Re: [Dovecot] Want to have some users with Maildir, some with mbox

[WJCarpenter]

BTW. Are you also using a script that preserves IMAP UIDs? Otherwise IMAP 
clients will re-download all the mail.
   

Does the "convert" plugin preserve the UIDs?  The wiki implies that it doesn't, 
but I thought maybe since it's implemented as a plugin that maybe it does (or that maybe 
the caution is about converting to/from dovecot and some other server).
 

It doesn't. In v2.0 dsync does. In v2.0 convert plugin has been removed.



So, what is the answer for pre-2.0 folks who want to do mbox->Maildir 
conversion?  I have not yet found a script that claims to preserve 
UIDs.  Is there one that people use?

Re: [Dovecot] Want to have some users with Maildir, some with mbox

[WJCarpenter]

http://wiki.dovecot.org/Migration/MailFormat shows a bunch of scripts, one of 
them claims to preserve UIDs.
   


Does anyone here have direct successful experience with this?  I only 
asked about this because a comment on that same page says, "None of the 
solutions described below preserve the message UIDs."
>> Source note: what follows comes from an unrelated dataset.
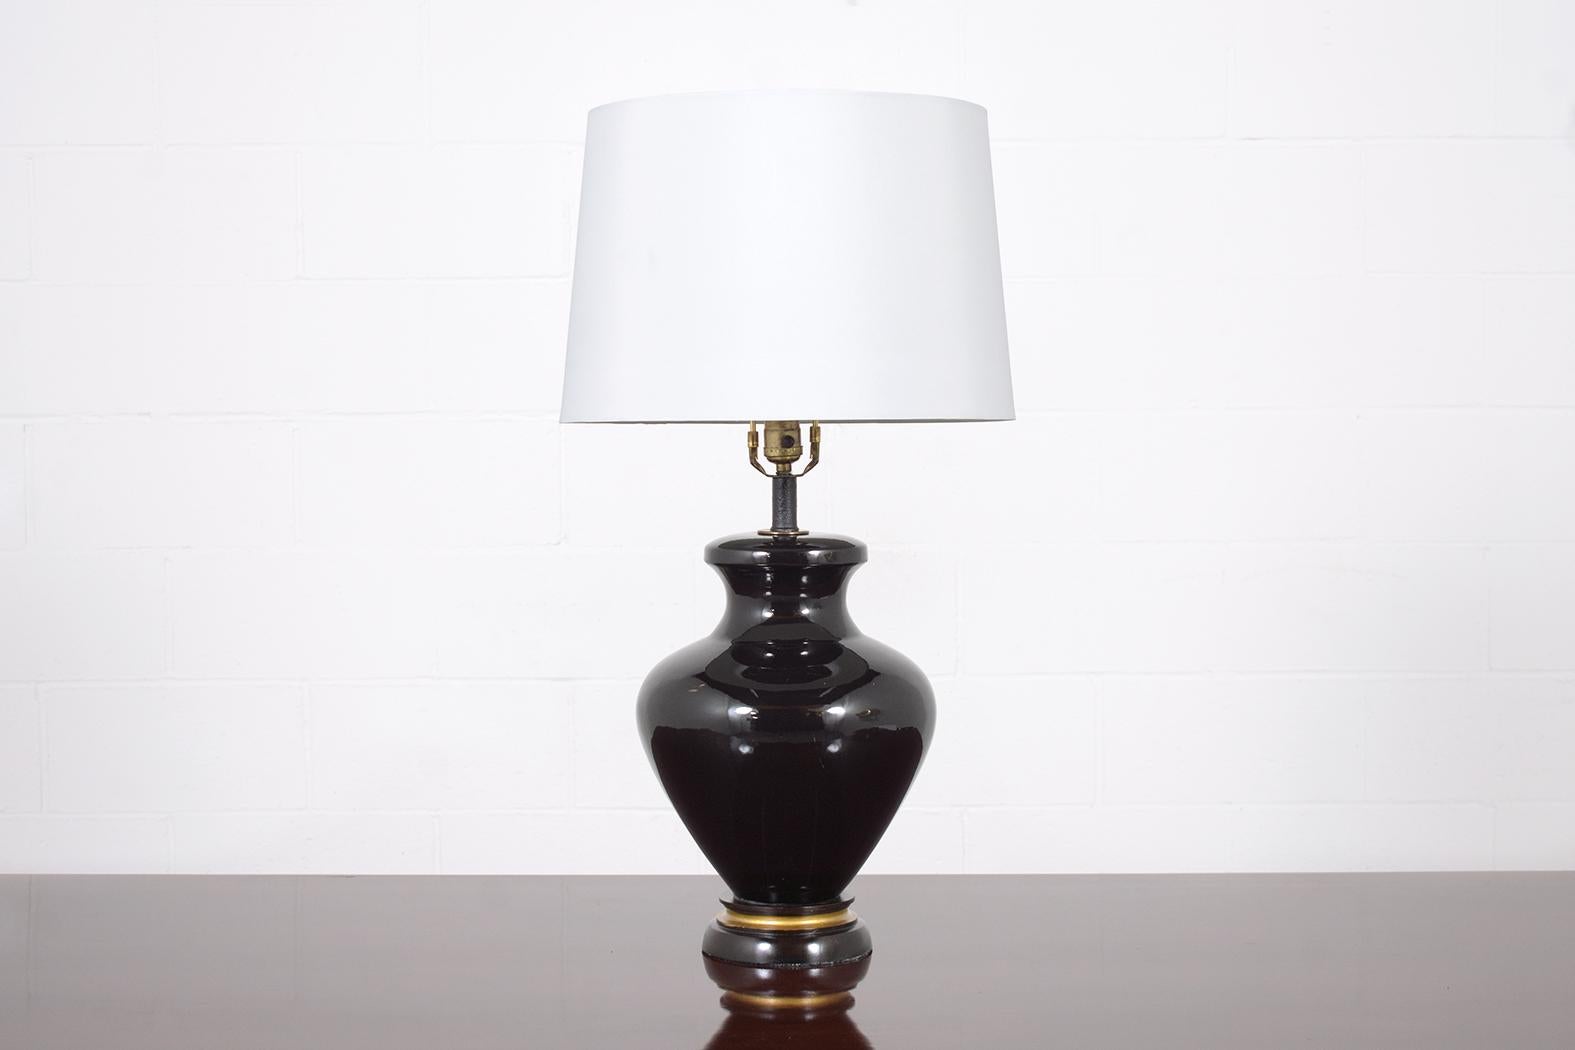 Discover the allure of our authentic vintage Chinese table lamp, intricately crafted from top-quality ceramic and perfectly functioning. This remarkable piece features an urn vase design, adorned with an eye-catching, hand-painted deep black hue and

(Some of my users have > 1 GB of email, so any UID disruption would 
likely be seriously annoying to them.)

Re: [Dovecot] Want to have some users with Maildir, some with mbox

[WJCarpenter]

On 1/29/2010 4:11 PM, WJCarpenter wrote:


http://wiki.dovecot.org/Migration/MailFormat shows a bunch of 
scripts, one of them claims to preserve UIDs.


Does anyone here have direct successful experience with this?  I only 
asked about this because a comment on that same page says, "None of 
the solutions described below preserve the message UIDs."


Answering my own question.  I did some experiments last night, and 
JulianFitzell's patched version of mb2md.pl, along with his 
migrateuser.sh script, looks like it works as advertised.  (Local tweaks 
to the migrate scripts, but that's fair enough.)   Thanks, Julian!

[Dovecot] sha-512 ... shadow blended with database

[WJCarpenter]

The cryptic subject is the outcome of my looking into how to do a 
particular thing.  I wonder if anyone else has solved this problem in a 
way that hasn't occurred to me.


I'm using dovecot 1.1.11 on Ubuntu Server 9.10.  I could consider 
upgrading to my own install of a newer dovecot if it made a difference 
to this problem.


I have two populations of dovecot users.  Some users have Unix accounts 
(with logins disabled), and so their password hashes are stored in 
/etc/shadow.  These days, the default configuration for that is salted 
SHA-512.  It's easy for me to change that scheme to something else if I 
want to, but the important fact is that I already have some users with 
passwords in salted SHA-512.  The other population of users is purely 
virtual, and their password hashes are stored in a MySQL database in 
SHA-1 format (unsalted, but moving to salted wouldn't be a big deal).  
The database also has a column identifying the hash scheme, so SHA-1 
isn't some assumption.


I know that I have have multiple passdb in my dovecot config, but I'm 
looking to unify my two user populations and put them all in the MySQL 
database.  As far as I can tell from the wiki, there is no SHA-512 in 
any version of dovecot.  MySQL also doesn't have SHA-512.  So, I don't 
see a way of reworking my password checking to accomodate the salted 
SHA-512 values currently in /etc/shadow.  I'd prefer to not ask the 
SHA-512 users to update their passwords for this administrative reason 
if I can avoid it (but so far, that looks like the only answer).


Any ideas?

Re: [Dovecot] sha-512 ... shadow blended with database

[WJCarpenter]

I have two populations of dovecot users.  Some users have Unix accounts (with 
logins disabled), and so their password hashes are stored in /etc/shadow.  
These days, the default configuration for that is salted SHA-512.  It's easy 
for me to change that scheme to something else if I want to, but the important 
fact is that I already have some users with passwords in salted SHA-512.  The 
other population of users is purely virtual, and their password hashes are 
stored in a MySQL database in SHA-1 format (unsalted, but moving to salted 
wouldn't be a big deal).  The database also has a column identifying the hash 
scheme, so SHA-1 isn't some assumption.
 

By salted SHA-512 do you mean the $6$salt$sha format that glibc uses? If so, 
you can use CRYPT scheme, which causes Dovecot to use crypt() function. Then 
assuming you're using new enough glibc, it understands it.
   



Ah, I didn't realize that.  Yes, that's exactly what I meant, and the 
glibc will be on an identically-configured system to the one where the 
$6$ shadow entries were created.  Thanks for the info.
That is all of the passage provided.